Tuesday, May 09, 2023

Novel econometric method for non-linear and relatively non-stationary variables: Prony method (signal processing) with Python

The following data analysis is estimating the daily return (natural log difference) of the foreign exchange rate (FX) of Euro (EUR) based on US-Dollar (USD) from 1997 to 2023.

The signal processing of the entire time period from January 1997 to 8th May 2023:

The signal processing representing the last one year (to 8th of May, 2023)


The signal processing representing the last one year (to 17th of May, 2023) (IntervalRange=10  ### adjust! )


The data analysis introduced here is the brand-new approach to the financial economics which often involves non-linear variables with an exponentially expanding/decaying signal which the conventional econometric methods tend to struggle dealing with.

In terms of the non-linear signal processing like approach, many financial data analysts have adapted Fourier transfer. However, Fourier transfer has a critical disadvantage of dealing with the non-stable signal as shown in these graphs and failing to detect more than one signal frequencies close to each other.

This brand-new method adapts the signal processing method called Prony method invented by Baron Gaspard Clair François Marie Riche de Prony (22 July 1755 – 29 July 1839)

 


De Prony was the mathematician famous at the contemporary time period of when Fourier was alive. Fourier method has been popular for a long time period mainly because of the convenience with a limited computational capability. Nevertheless, the current advancement of computational mathematics has enabled to apply Prony method to the advanced mathematical data analyses.

Prony method is advantageous to detect various signal frequencies with their amplitude (coefficient) even for an unstable signal processing. Through the time length, it can describe various waving formations of a time series. For example, the seasonality and the event risk can be detected by observing these varying trends.

The conventional financial economic models are limited to finding one coefficient of the autocorrelation of either a variable or its error-terms/residuals. Furthermore, they are biased while dealing with a variable where no convergence can be proven. In contrast, this estimate based on Prony method figures out the entire dynamic movement of a variable. 

I have just started studying about this novel econometric method so that I admit that both my understanding and my implementation are still incomplete, and its improvement is quite likely to be required. At the same time, I am confident in having understood the core concept and the fundamentally required mathematical methods. Therefore, I have produced my Python codes implementing this data analysis method. 
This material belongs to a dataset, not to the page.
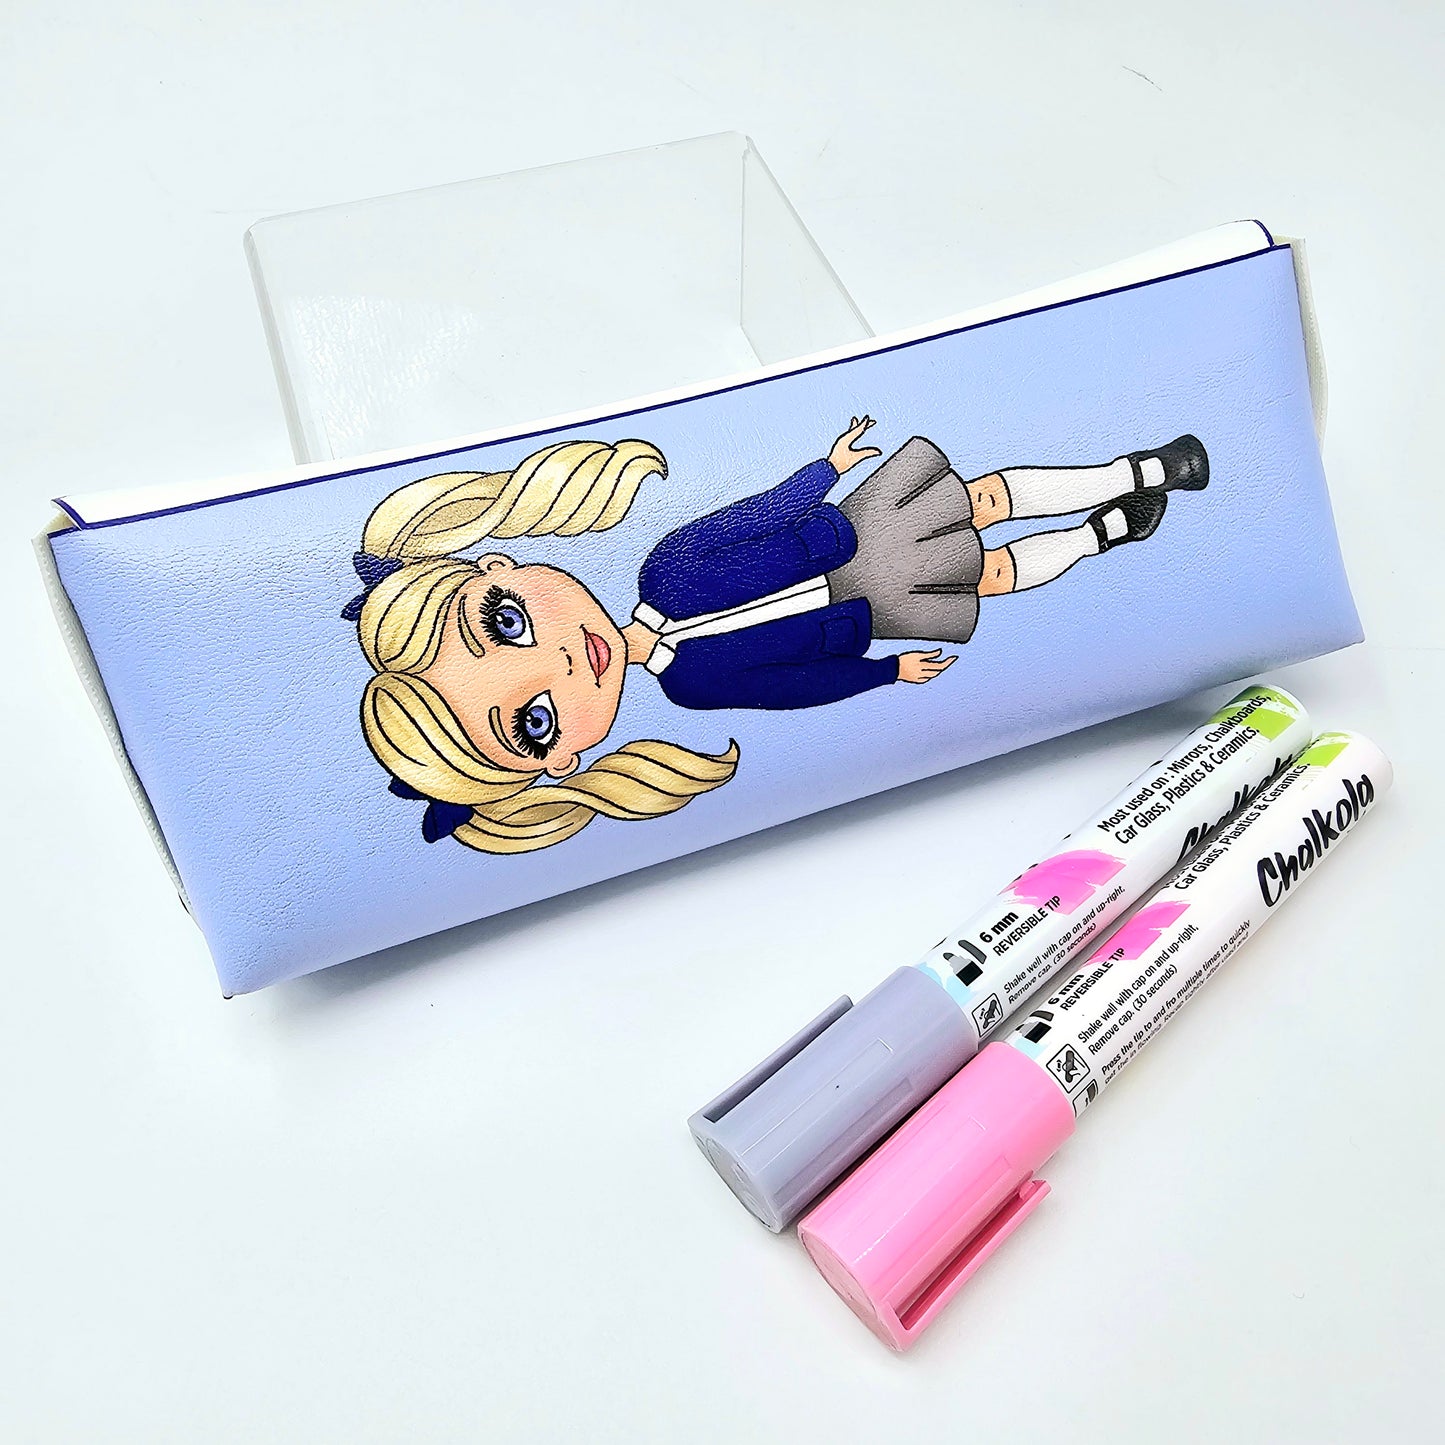 Personalised School pencil case

The following Python codes implement Prony method (Subspace method) to generate the signal processing model of the daily return (log-difference) of EUR/USD. This includes all the necessary functions such as Hankel matrix, finding Eigenvalues with Verndermonde matrices, Singular Value Decomposition (SVD), the matrix pencil method (MPM) to find the coefficients and the signal frequencies, and the total least square (TLS) to specify the amplifier coefficients and the signal frequencies. 
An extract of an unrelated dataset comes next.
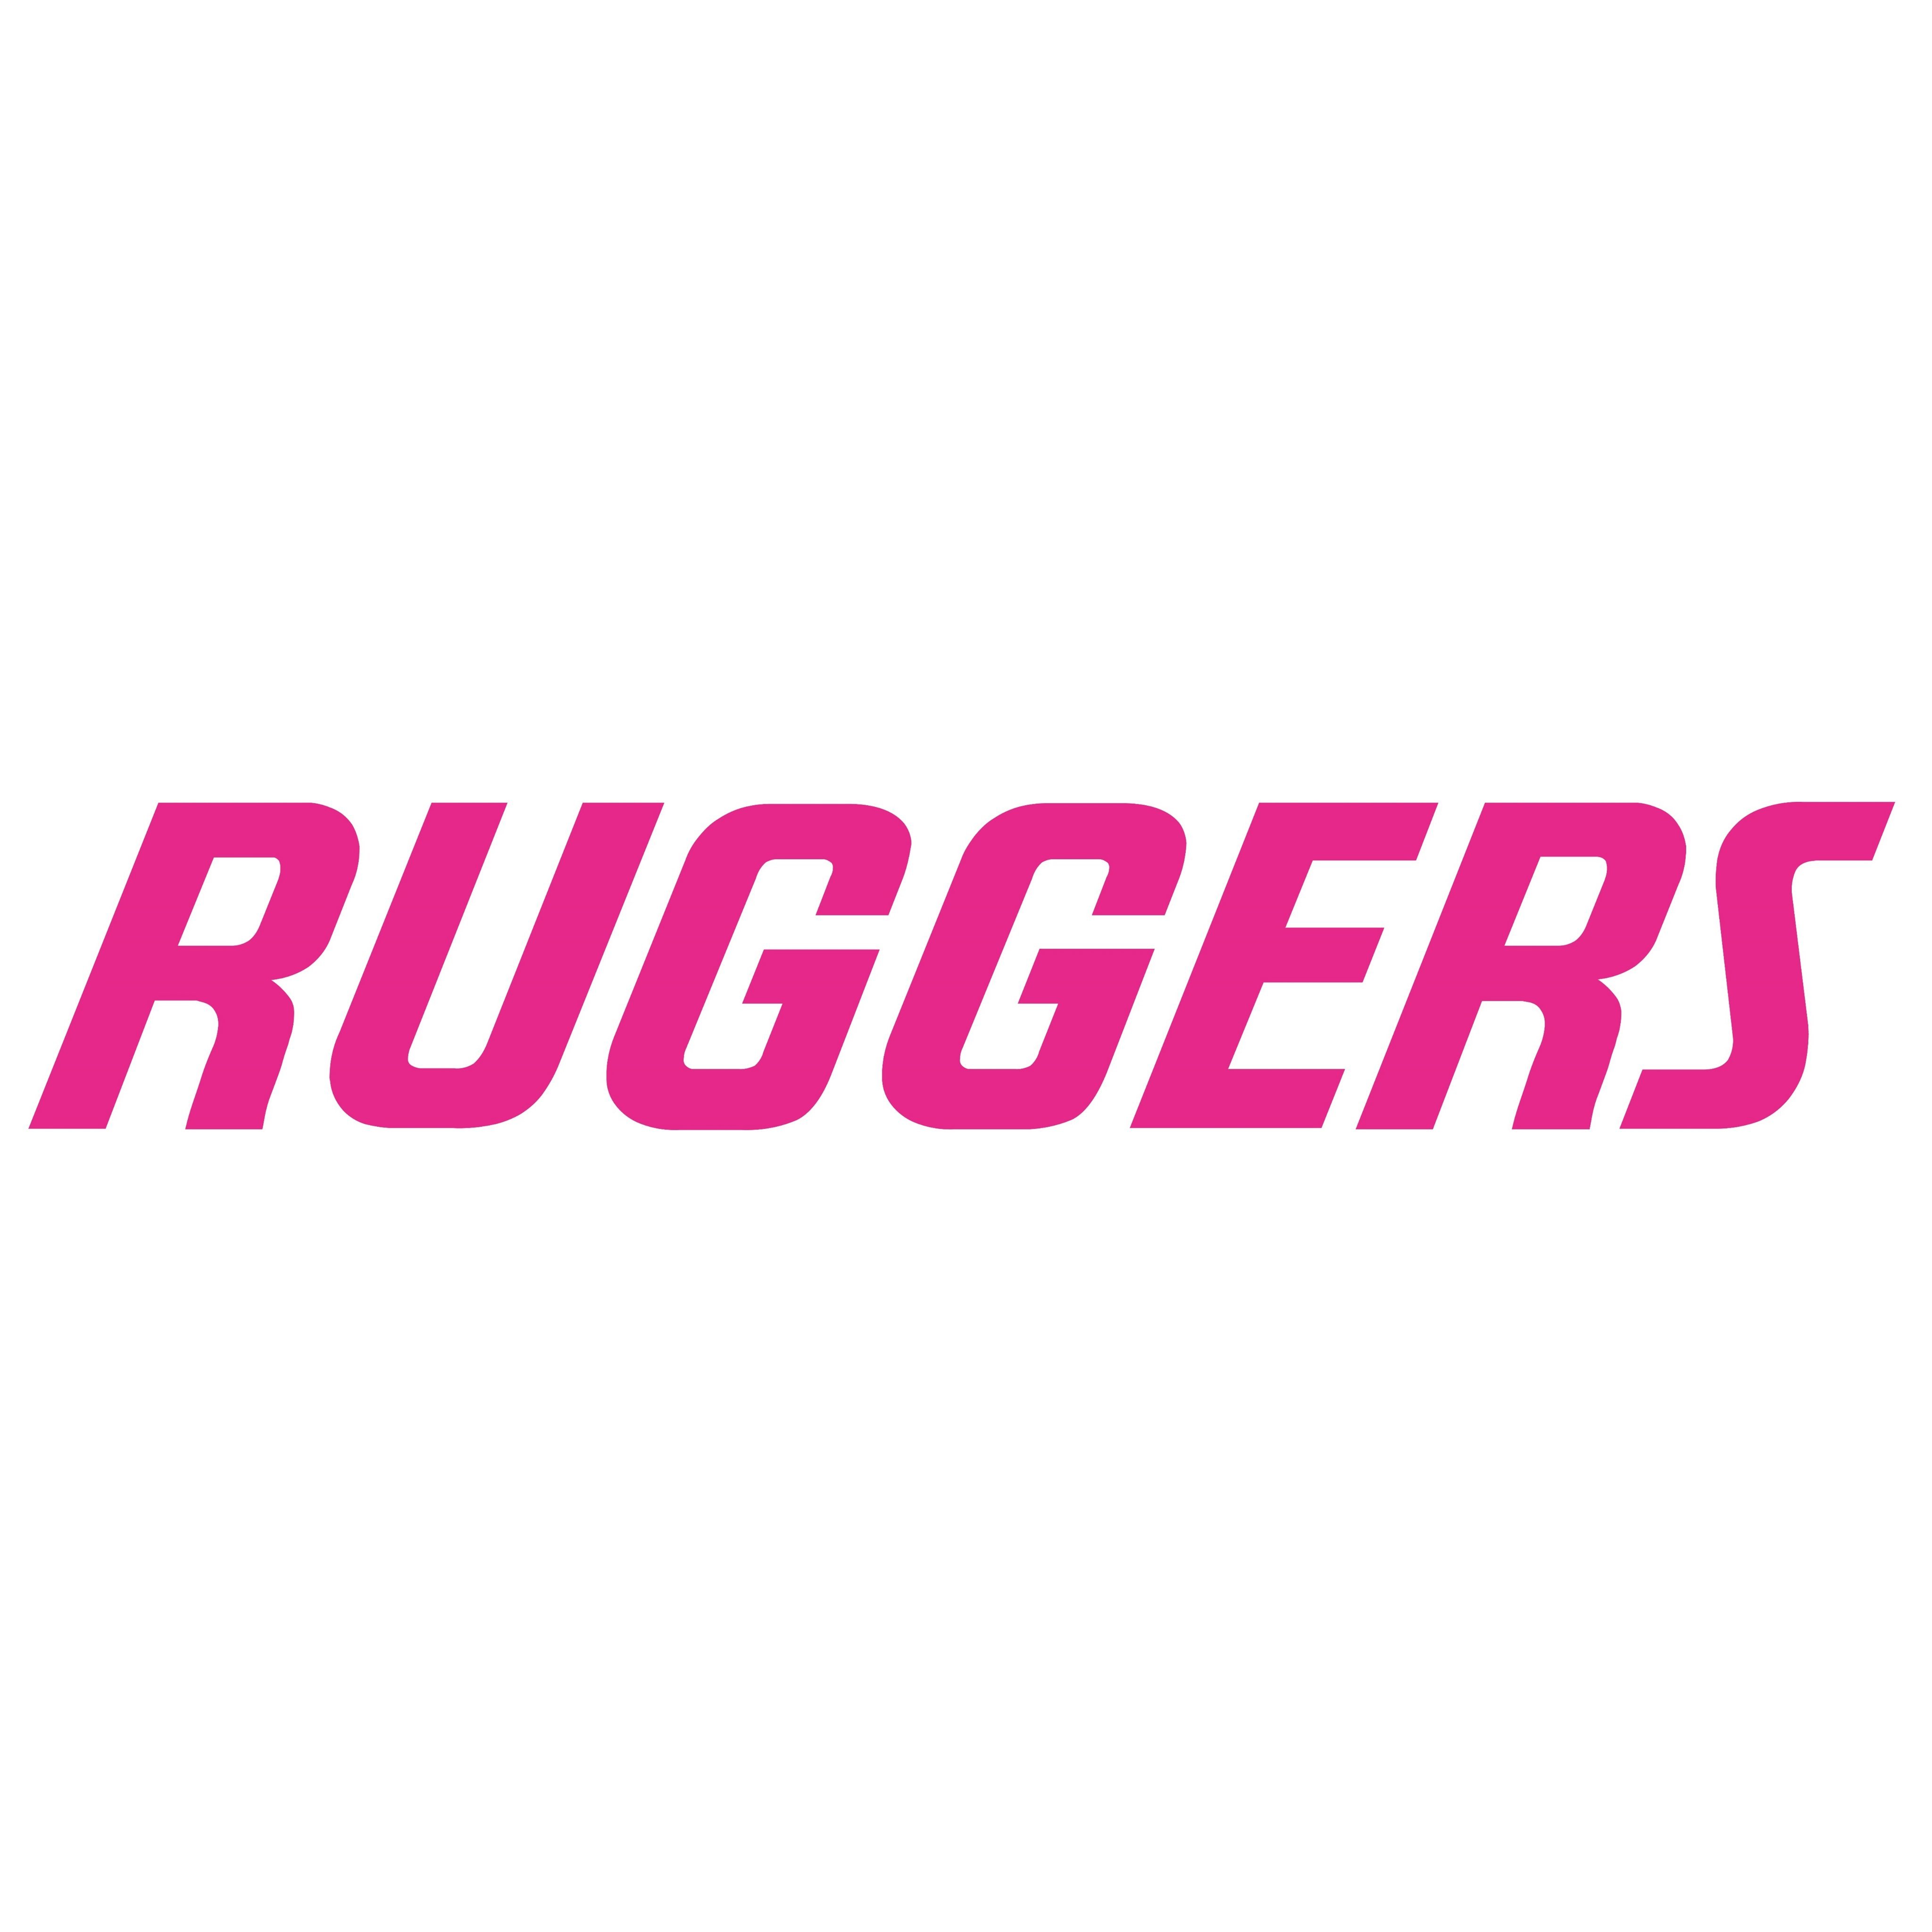 「RUGGERS」は、ラグビー選手会が運営主体を務め、ファンと選手がつながる新しいラグビーアプリ（メディア）です。YouTube→https://t.co/doLNJQgs2C

# Execute this cell to have access to the API of Frankfurter App
import requests
import json

# importing necessary tools
import matplotlib.pyplot as plt
import networkx as nx
import numpy as np
import pandas as pd
import random
import statistics
import scipy.linalg
from numpy import linalg as LA
from scipy.stats import qmc
from scipy.optimize import newton
from scipy import stats
import statsmodels.formula.api as sm

import math
import cmath

from scipy.linalg import hankel

import scipy.odr
from scipy import odr

# Showing the plots bigger
plt.rcParams["figure.figsize"] = (12,6)

# defining complex number
i=complex(0,1)
i

# Connecting to the API https://www.frankfurter.app/docs/ to get the EUR/USD rates
url = "http://api.frankfurter.app/1999-01-01.."
# Write your code here
resp = requests.get(url,{'to':'USD'})
#print(resp.url)
#print(resp.status_code)
#print("Type:", type(resp.content))
#print(resp.content)

print("Type:", type(resp))

# Preparing for the right encoding
import ast
byte_str = resp.content
dict_str = byte_str.decode("UTF-8")
mydata = ast.literal_eval(dict_str)
print("Type:", type(mydata))

#mydata #show the accessed data
EURUSD=(mydata["rates"])
#EURUSD

# Sorting the data into the Python dictionary form
Dates_EURUSD=[]
Rates_EURUSD=[]

for key, value in EURUSD.items():
    Dates_EURUSD.append(key)
    for k,v in value.items():
        Rates_EURUSD.append(v)

EURUSD=dict(zip(Dates_EURUSD,Rates_EURUSD))
#EURUSD

#Rates_EURUSD
print("Length of data:",len(Rates_EURUSD))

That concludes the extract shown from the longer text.